Use when a query needs multi-step analysis and citations.

### create research task → POST /research

```bash
curl -sS -X POST "https://api.tavily.com/research" \
  -H "Content-Type: application/json" \
  -H "Authorization: Bearer $TAVILY_API_KEY" \
  -d '{
    "input": "<research question>",
    "model": "auto",
    "stream": false,
    "citation_format": "numbered"
  }'
```

Expected response fields:
- `request_id`, `created_at`, `status` (pending), `input`, `model`, `response_time`

### get research status → GET /research/{request_id}

```bash
curl -sS -X GET "https://api.tavily.com/research/<request_id>" \
  -H "Authorization: Bearer $TAVILY_API_KEY"
```

Expected response fields:
- `status`: `completed`
- `content`: report text or structured object
- `sources[]`: `{ title, url, favicon }`

### streaming research (SSE)

Set `"stream": true` in the POST body and use curl with `-N` to stream events:

```bash
curl -N -X POST "https://api.tavily.com/research" \
  -H "Content-Type: application/json" \
  -H "Authorization: Bearer $TAVILY_API_KEY" \
  -d '{"input":"<question>","stream":true,"model":"pro"}'
```

Handle SSE events (tool calls, tool responses, content chunks, sources, done).

## Usage Notes

- Treat `search`, `extract`, `map`, and `crawl` as the primary endpoints for discovery and content retrieval.
- Return structured results with URLs, titles, and summaries for easy downstream use.
- Default to conservative parameters (`search_depth: basic`, `max_results: 5`) unless deeper recall is needed.
- Reuse consistent request bodies across calls to keep results predictable.

## Error Handling

- If any request returns 401/403, prompt for or re-check `TAVILY_API_KEY`.
- If timeouts occur, reduce `max_depth`/`limit` or use `search_depth: basic`.
- If responses are too large, lower `max_results` or `chunks_per_source`.

Overview

This skill provides a REST API interface to Tavily for web search, extraction, mapping, crawling, and optional multi-step research.

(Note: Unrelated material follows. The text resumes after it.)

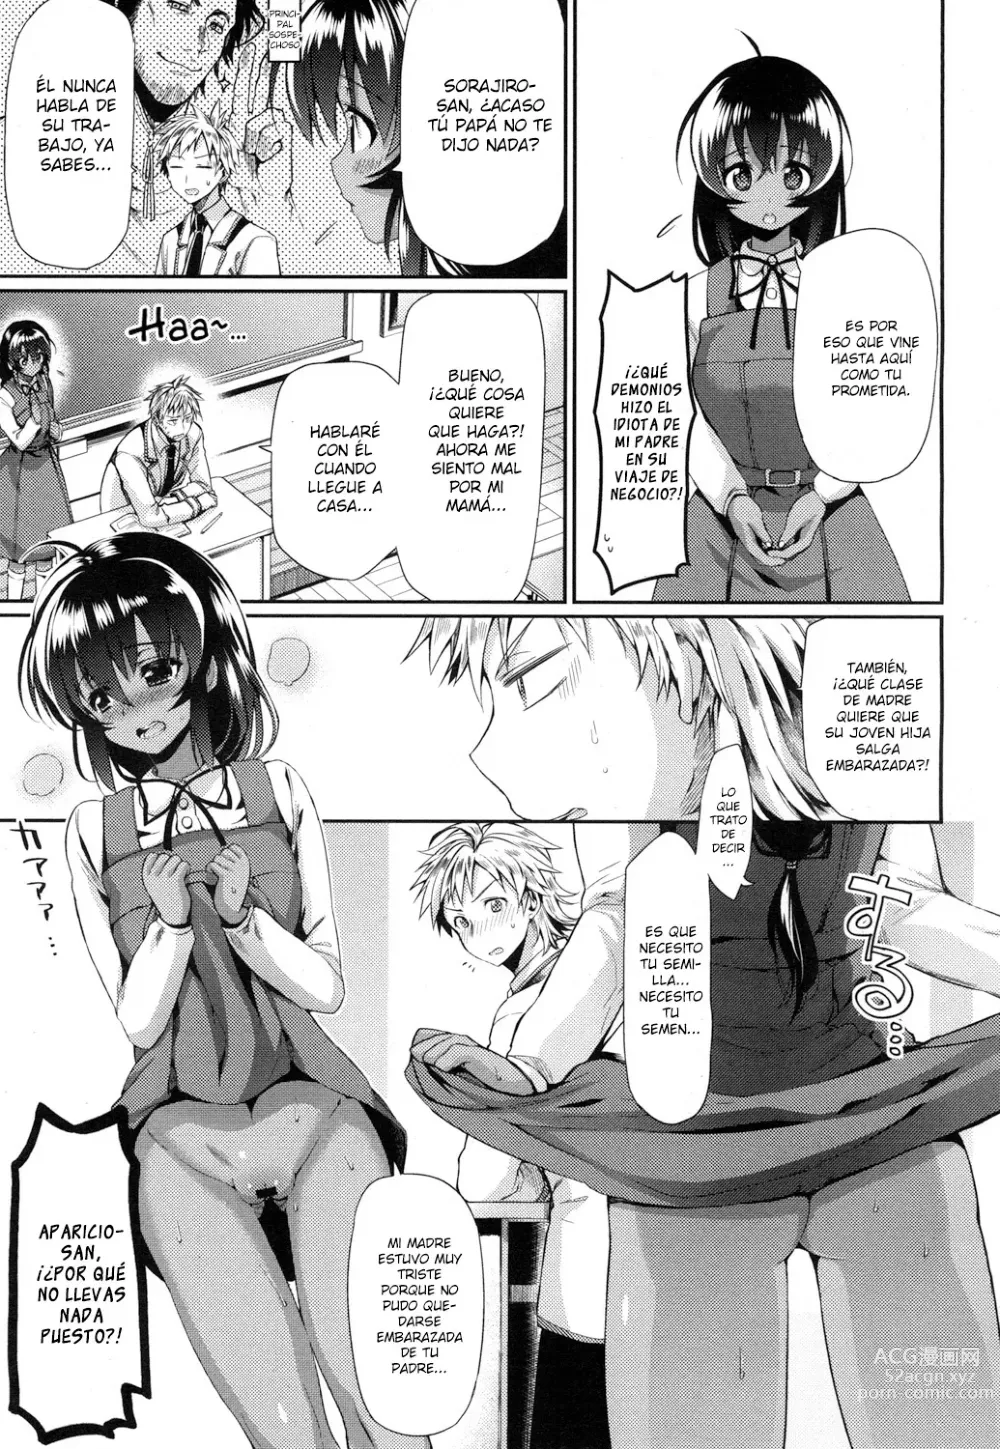 Page 5 of manga Te amo, mi amor.

It returns structured, LLM-friendly results (summaries, chunks, sources, citations) suitable for downstream agent workflows. Use it when live web data or site discovery is required and built-in tools are not available.

How this skill works

Authenticate with TAVILY_API_KEY and call the Tavily endpoints: search, extract, map, crawl, and research. Each endpoint accepts JSON parameters to control depth, breadth, formats, and limits and returns structured responses with URLs, titles, content or answers, usage, and request IDs. The research endpoint supports asynchronous polling and streaming (SSE) for long-running, cited investigations.

When to use it

When you need live web search results with summarized, LLM-ready output.
When extracting or reformatting content from specific URLs for downstream analysis.
When you must discover site structure or crawl pages with built-in extraction.
When a multi-step, citation-backed research workflow is required.
When no built-in web tool is available and structured results are necessary.

Best practices

Require TAVILY_API_KEY in the environment and prompt the user if it is missing.
Default to conservative parameters (search_depth: basic, max_results: 5) then increase only if needed.
Prefer include_answer and formatted raw_content for LLM consumption when context is required.
Use map for URL discovery and crawl when you need extraction combined with traversal.
Handle 401/403 by re-checking credentials; reduce depth/limits on timeouts or oversized responses.

Example use cases

Perform a quick web search that returns a short answer and top 5 source summaries for an agent to cite.
Extract markdown-formatted content from a set of product documentation pages for ingestion into a knowledge base.
Generate a site map to discover product pages and then crawl selected paths to extract article text.
Run a research task that streams intermediate findings and final citations for a deep investigation workflow.
Filter search results by domain, country, or time range to assemble focused, timely evidence.

FAQ

What happens if TAVILY_API_KEY is missing or invalid?

The skill should prompt the user to provide or re-check the API key. HTTP 401/403 responses indicate authentication issues.

Which endpoint should I use to discover URLs on a site?

Use map for URL discovery only, and use crawl when you want traversal plus built-in extraction and chunking.